Wednesday, 15 July 2009

Berry tarts

I don't like to admit it but I have been secretly petrified of summer-fruit tarts for my entire baking life. This fear, like many of my culinary blocks, is not rooted into a specific incident but was born instead, surreptitiously, from repeated encounters with soggy, insipid specimens. You know the ones. They come in different guises but share one overarching characteristic: insufferable blandness. Sometimes their sandy crust is smothered with thick, mustard-yellow custard, occasionally a gloss of jelly gives it an unnatural shine. Always, they're topped with unripe, aggressively sharp fruit.

But last week an innocuous stroll down Marylebone high street miraculously cured my fruit-tart phobia. Here's what happened, I was browsing the chunky, hand-painted ceramics at Emma Bridgewater, when I spotted a cake stand on the sale. I took one look at it and decided it was the cake stand that had been eluding me for years, neither too frilly nor too stark. I brought it home.

What comes next won't surprise you, I decided to bake something to show if off. The only problem was, I quickly concluded, any full-blown cake would dissimulate its best feature, the delicate leaf pattern on its plate. I concluded only individual tarts would exalt its beauty. And so one decade of fruit-tart phobia came to an end.

The secret of sweet pastry is to handle it as little as possible and let it rest in the fridge before you roll it out. Once you've spread it in your pie cases, flash freeze it to avoid it losing its shape upon baking.

To make 10 small tarts:

For the sweet pastry (known as pate sablee in French) 
250g (9 ounces) plain flour
125g (4 1/2 ounces) unsalted butter
150g (5 ounces) icing sugar
1 egg

For the filling
200ml (7 fluid ounces) double cream
125g (4 1/2 ounces, or half a standard container of the Galbani brand) mascarpone
50g (2 ounces) icing sugar
250g (9 ounces) raspberries
250g blueberries

Make your sweet pastry. You do not need a food processor, although I have heard it helps. I get on perfectly well without one. Put the flour in a mixing bowl and add the cold butter, cut in small chunks. Rub it with the flour between your hands until it's reached the texture of wet sand. Add the confectioner sugar and then the egg. Be careful not to overwork the dough, make two discs, wrap in cling film and let them rest in the fridge for at least an hour.

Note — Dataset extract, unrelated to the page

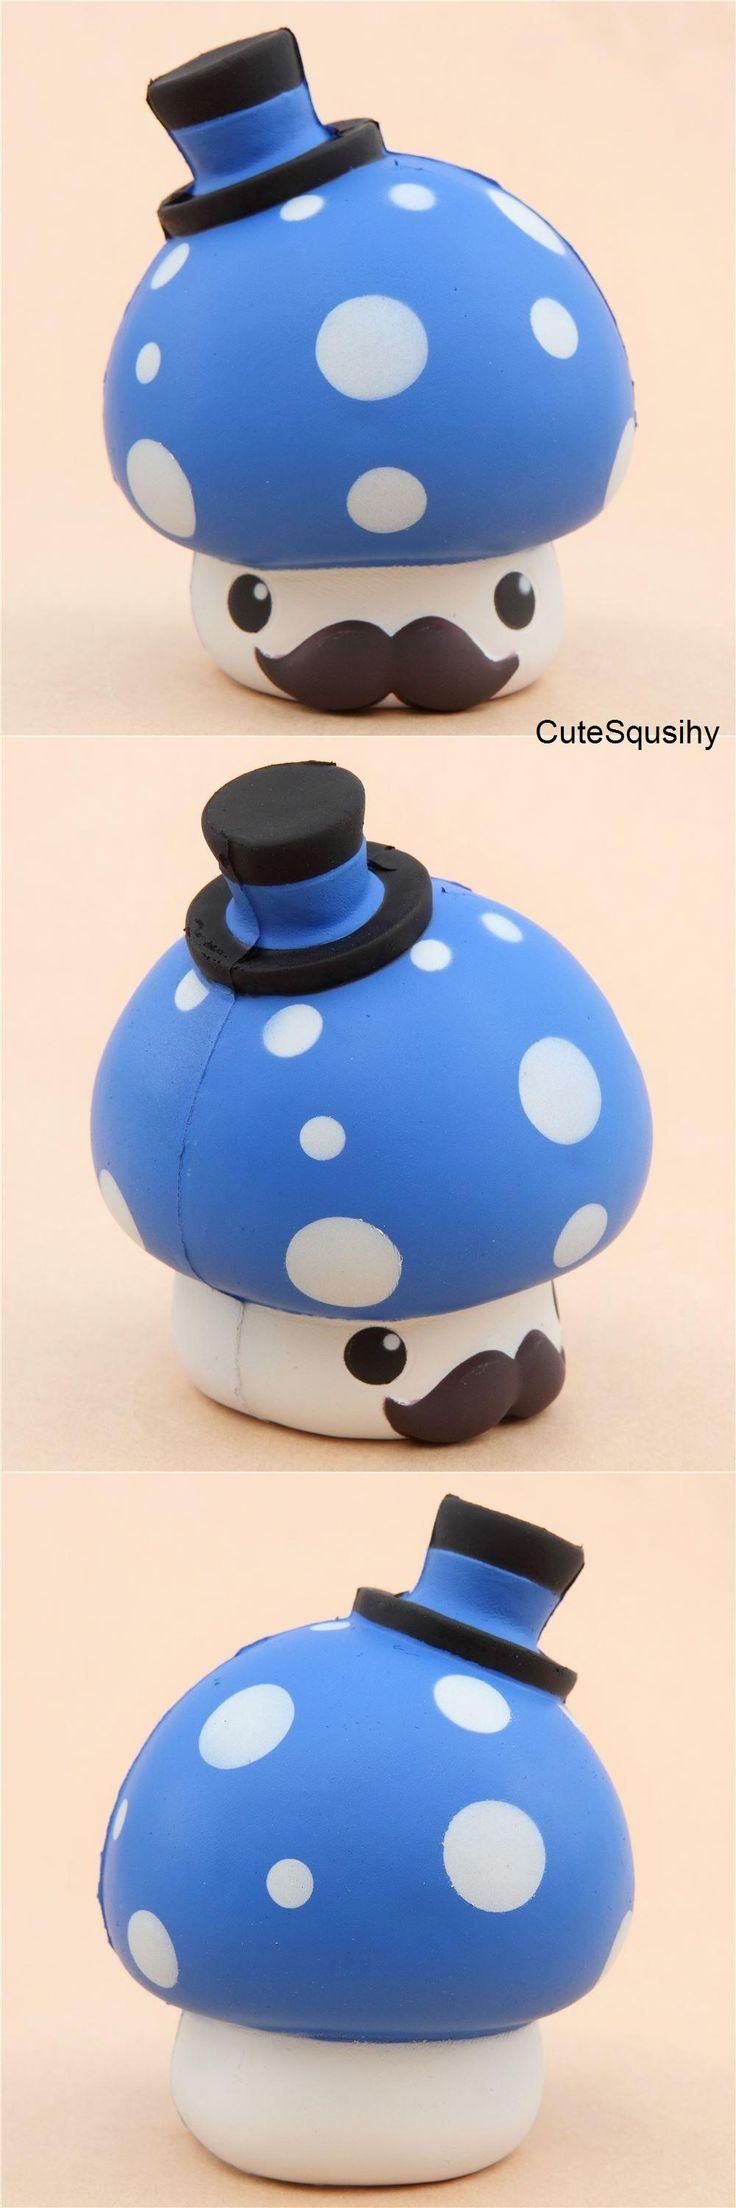 Kawaii blue mushroom squishy!

Roll out the dough, but not all at once. It's much easier to work with about a quarter of a disc at a time. Just roll it out a bit wider than your individual tart cases. You should get enough for 10 small cases with the quantities here but do not worry if you get less, it just means your cases were wider than mine or you like your pastry a bit thicker. Using a fork, puncture the bottom of each case a few times, it will help prevent it puffing up too much. Pre-heat your oven to 180 degrees, put the cases in the freezer for 30 minutes, then bake for 10-15 minutes.

While the tarts are baking, whip the double cream, mascarpone and later on the sugar in a mixing bowl until the mixture forms soft peaks. Once the tarts have cooled, spread the filling in them and top with your fruit. Keep in the fridge if you're not serving it immediately.